Сейчас, однако, не требовалось защищать себя. Сейчас требовалось потерять себя, коснувшись крохотной животрепещущей точки в себе, какую Лукресия Невес почти пробудила, — и не надо уже скрываться, чтоб скрыть свою гордость, и не надо уже, наверно, быть таким хорошим врачом — ибо в крохотной точке себя самого он замкнут навсегда — выхода нет.
Доктор кашлянул, чтоб скрыть растерянность. Новопришедшие, наверно, обвинят его, что он и смеется теперь по-другому. Все, что он сказал себе, должно случиться… и он вздрогнул, больше себе не сострадая. Как расквакались в темноте эти лягушки… он вытер губы платком.

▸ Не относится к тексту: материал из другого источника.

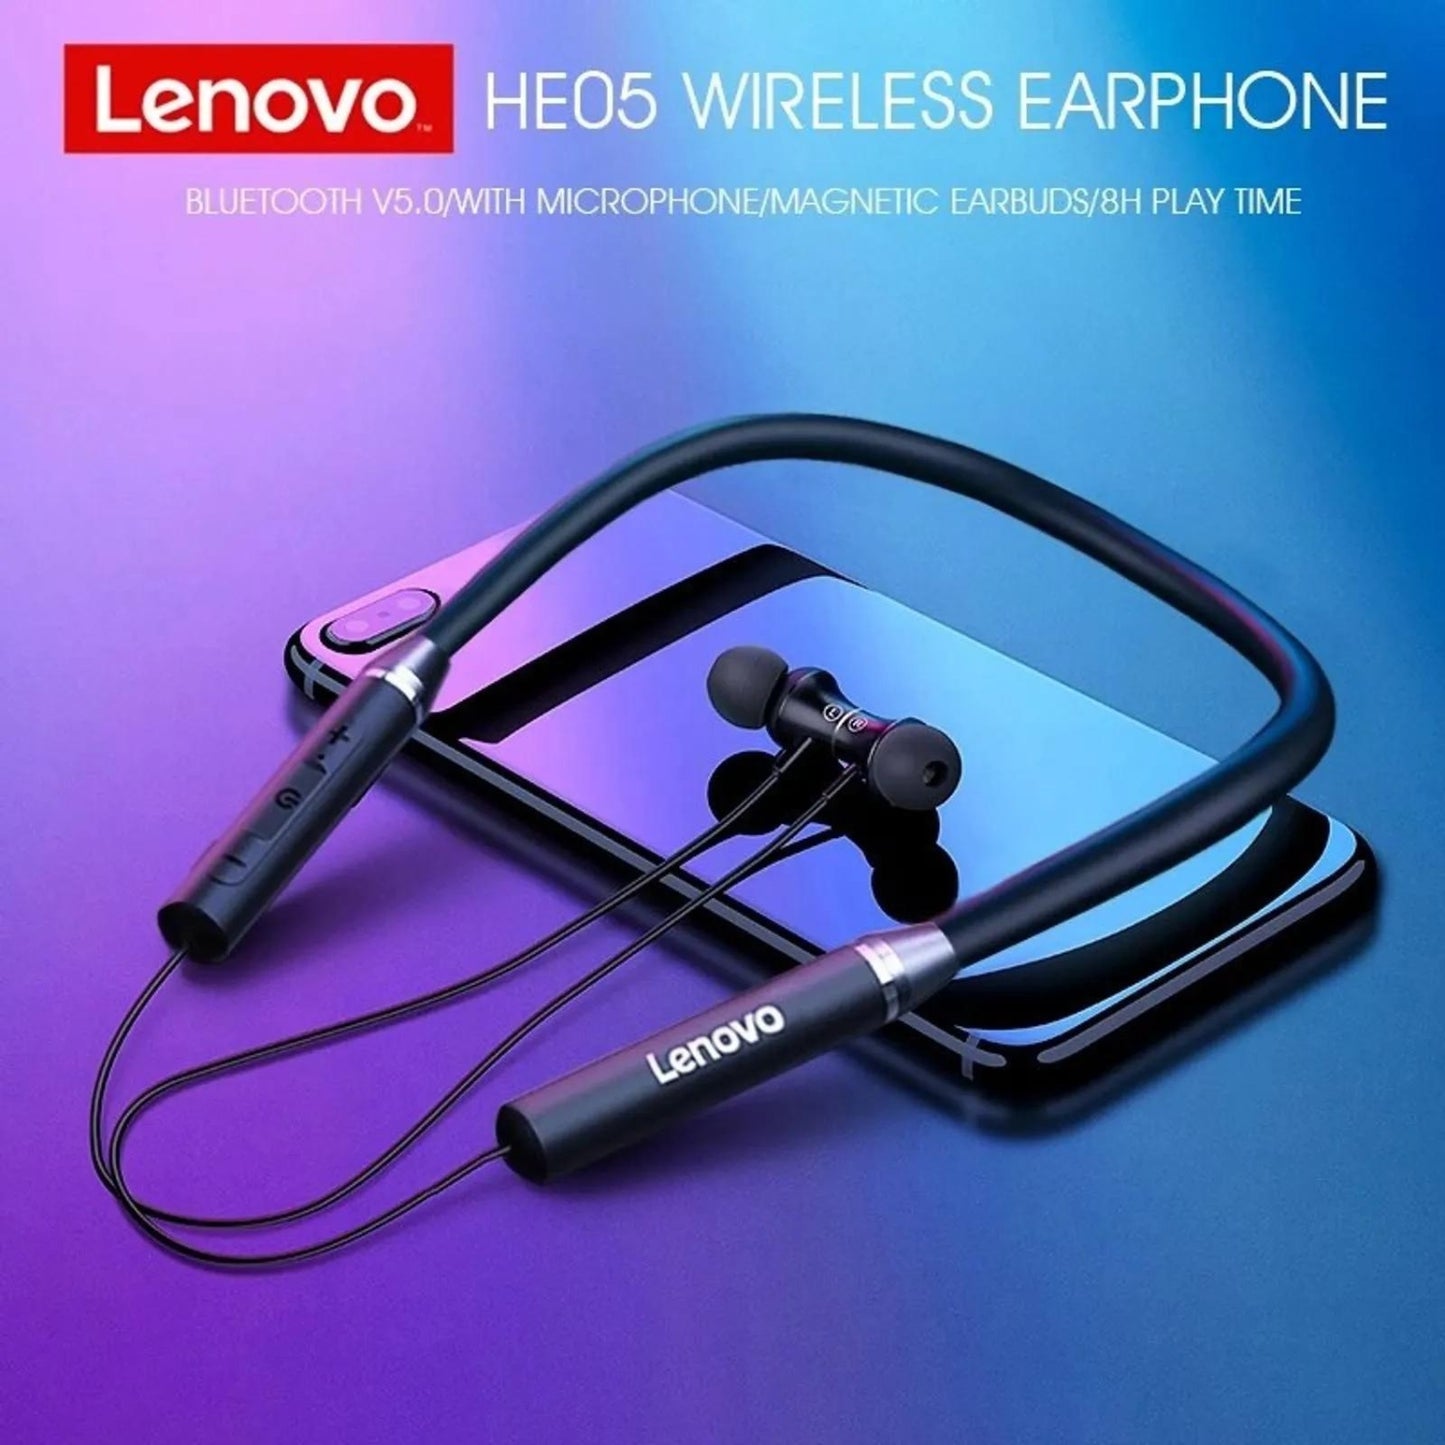 Audifonos Bluetooth Lenovo HE05 + Mochila Portalaptop Con Clave + Lentes de regalo

Как разгадать Лукресию, разгадать его жену, что вышивает в своем санатории, просит купить ей красных ниток и подымает с надеждой голову, когда приходит муж? Лукресия… Каким-то едва заметным знаком вспыхнула ее странная судьба, ее странная сила. Ранее смерти затесалась она в толпу отлетевших душ, какие даже самый суровый человек чувствует в воздухе глубокой ночью.
А жизнь Лукресии и правда была жертвенной жизнью? Затерянной жизнью, где волны вздымаются грозно над скалами, где аромат цветов смертелен — ив этом и есть сладкое зло, ибо скалы уже погрузились в волны, а розы сорваны и вянут в кувшине, с их стеблем, который можно сдавить рукой, как шею…
И ждет Лукресия, с невинностью и болью, когда ж прилетит далекий ветер с холма, — ждет кротко и стремительно, ждет сквозь века, дитя и старуха. Ждет, когда наконец откликнется кто-то на зов волн, бьющих о скалы, и, взбираясь на самый крутой уступ ночи, бросит в воздух долгий вой или долгое ржанье в ответ на красоту и гибель этого мира. Как разящи и жестоки эти серебряные цветы в этой ночи без ветра…
Остановясь на тропе, мужчина тревожно оглянулся, с крайней осторожностью раздвинул ветви и спрятался за ними — сгорбившись словно перед прыжком. Ему хотелось ответить — не Лукресии, которая его окликала, взгляд его прошел сквозь нее стремительно, — а ответить, если сумеет, какой-то ставне, ударяющей в тишину какой-то улицы, какому-то зеркалу, отражающему чье-то лицо, всему тому, что мы по сей день оставляем без ответа…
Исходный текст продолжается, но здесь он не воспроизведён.